Tip: The 1-Minute Bodybuilding Challenge

Shake up your workouts and ignite some new muscle growth. Here's how to do it... if you can handle it.

The Two Types of Pain

I have a theory about training pain. I'm not talking about the pain of getting injured, but the normal discomfort experienced when lifting weights. There are several types of it, and everyone has a different tolerance level for each type. Here are two examples:

Burning Pain

Leg Extension

This is that acid-fire pain you feel when you do a quad exercise for moderate to high reps, then add some partials to the end of the set when you can't do another full rep. Colorful language is often heard when burning pain kicks in.

Load Pain

Deadlift

This is that unique type of discomfort felt when you do 1-3 reps of a very heavy weight. It's a grinding, straining pain that makes your head feel like it's going to pop off, roll under a nearby treadmill, stop the belt, and send some poor fella flying off.

For many experienced lifters, burning pain is much harder to tolerate than load pain. The latter hurts, but it's over with in just a few reps. But burning pain? That only comes around when a set is extended over 40 seconds or so. It accumulates and sizzles. It also builds buckets of muscle.

According to my theory (peer-reviewed and published in the March issue of "The Journal of Random Shit Chris Thinks About") many guys who only use big weights for low reps aren't really as strength-focused as they say. No, they just really hate the burning pain of hypertrophy-range reps and lifting tempos.

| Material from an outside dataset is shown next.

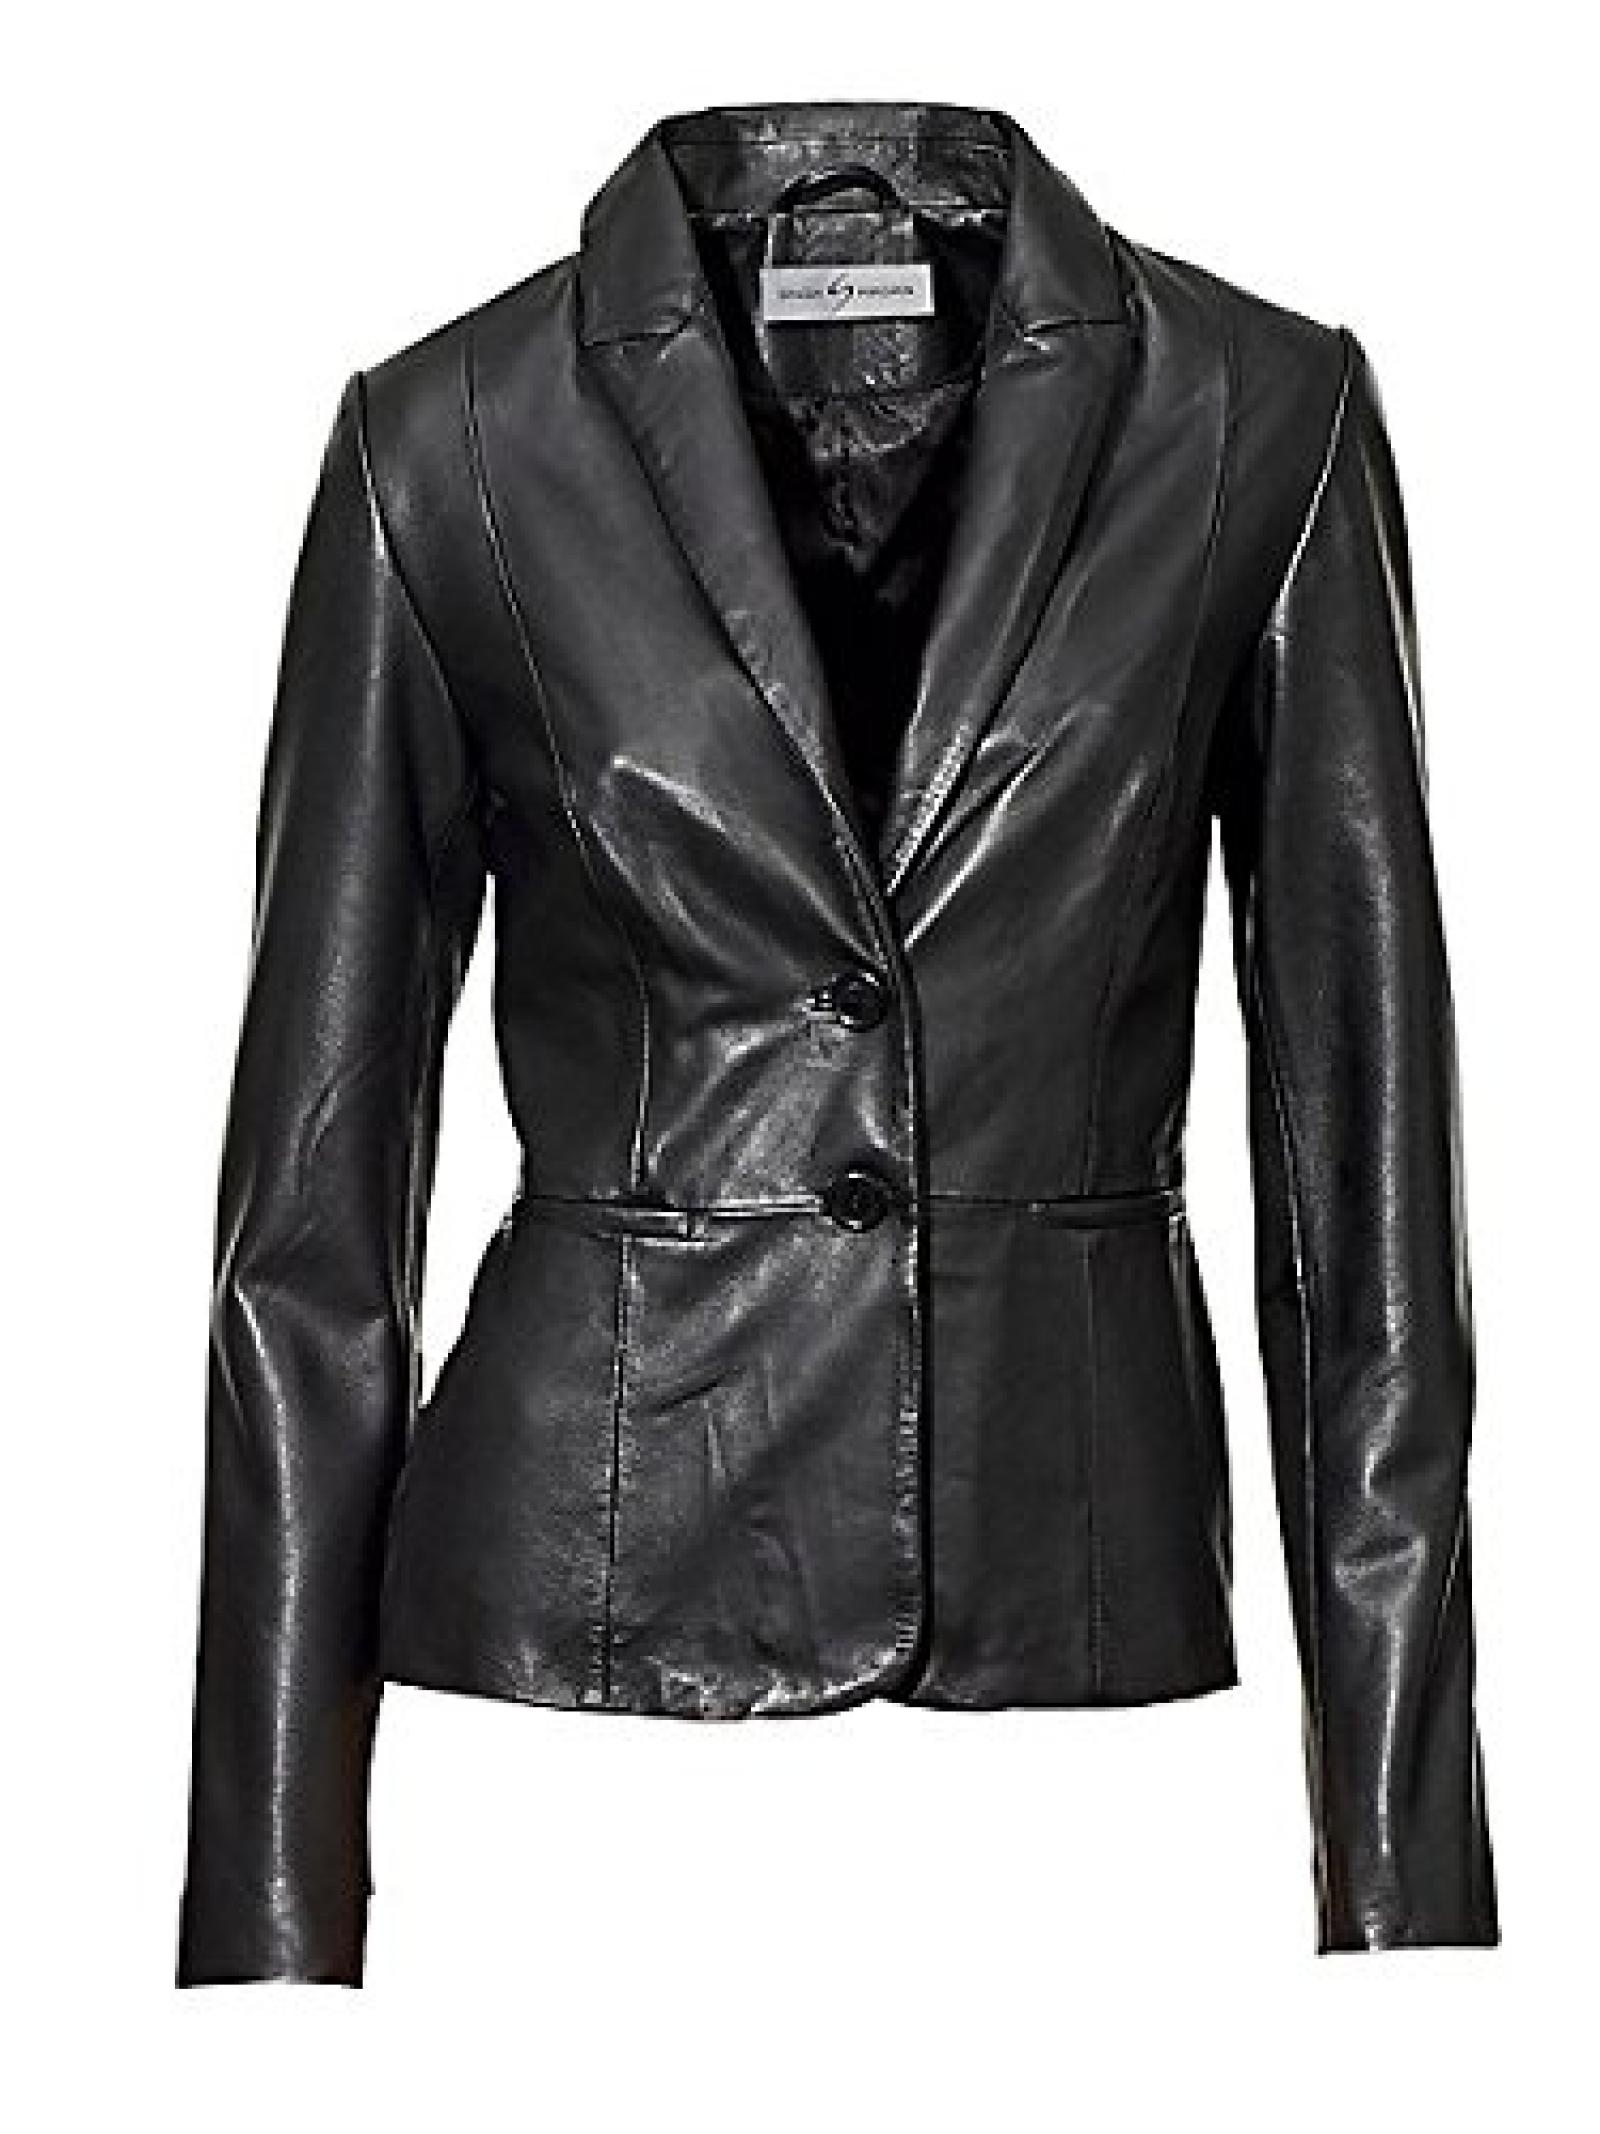 Damen SINGH S. MADAN Lederjacke in schwarz - Größe: 44

But if you always avoid this type of pain, that means you're also avoiding several important muscle-building mechanisms, like time under tension (TUT).

Yes, Feel the Burn

The challenge for you is to make every set last for 60-90 seconds, from leg presses to push-ups to your favorite delt exercise. Try it for a week with every major muscle group.

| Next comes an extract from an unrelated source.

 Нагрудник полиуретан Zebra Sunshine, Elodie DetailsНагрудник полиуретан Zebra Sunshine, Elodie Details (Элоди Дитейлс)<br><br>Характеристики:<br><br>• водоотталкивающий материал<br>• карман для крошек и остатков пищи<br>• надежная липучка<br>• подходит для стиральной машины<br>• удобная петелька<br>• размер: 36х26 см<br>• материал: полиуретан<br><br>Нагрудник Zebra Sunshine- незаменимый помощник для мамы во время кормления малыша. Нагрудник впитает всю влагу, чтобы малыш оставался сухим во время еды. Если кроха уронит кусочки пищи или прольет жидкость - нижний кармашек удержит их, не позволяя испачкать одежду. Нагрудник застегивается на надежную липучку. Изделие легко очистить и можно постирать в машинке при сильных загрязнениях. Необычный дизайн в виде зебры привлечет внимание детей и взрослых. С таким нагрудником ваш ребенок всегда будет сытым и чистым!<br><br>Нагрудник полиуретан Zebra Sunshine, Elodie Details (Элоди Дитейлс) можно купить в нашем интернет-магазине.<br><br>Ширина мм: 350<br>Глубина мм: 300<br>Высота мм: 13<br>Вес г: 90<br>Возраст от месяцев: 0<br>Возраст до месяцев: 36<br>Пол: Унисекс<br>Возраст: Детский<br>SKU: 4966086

Now, you may be thinking, "Heck, I already do that." But do you really?

I tried this recently and discovered that my average set for biceps work was 15-20 seconds short of the one-minute mark. When I lightened the weight a bit and slowed down the eccentric tempo (the negative), the burn and pump was much more intense... and that one minute felt like three minutes of torture. Colorful language ensued.

Remember, all sorts of muscle-building magic happens after about a minute of TUT, assuming you're using adequate weight: not light weight, but not too heavy either. So set a timer, choose the right load, slow down your tempo a little, add some partials if needed, and see what 60-90 seconds feels like.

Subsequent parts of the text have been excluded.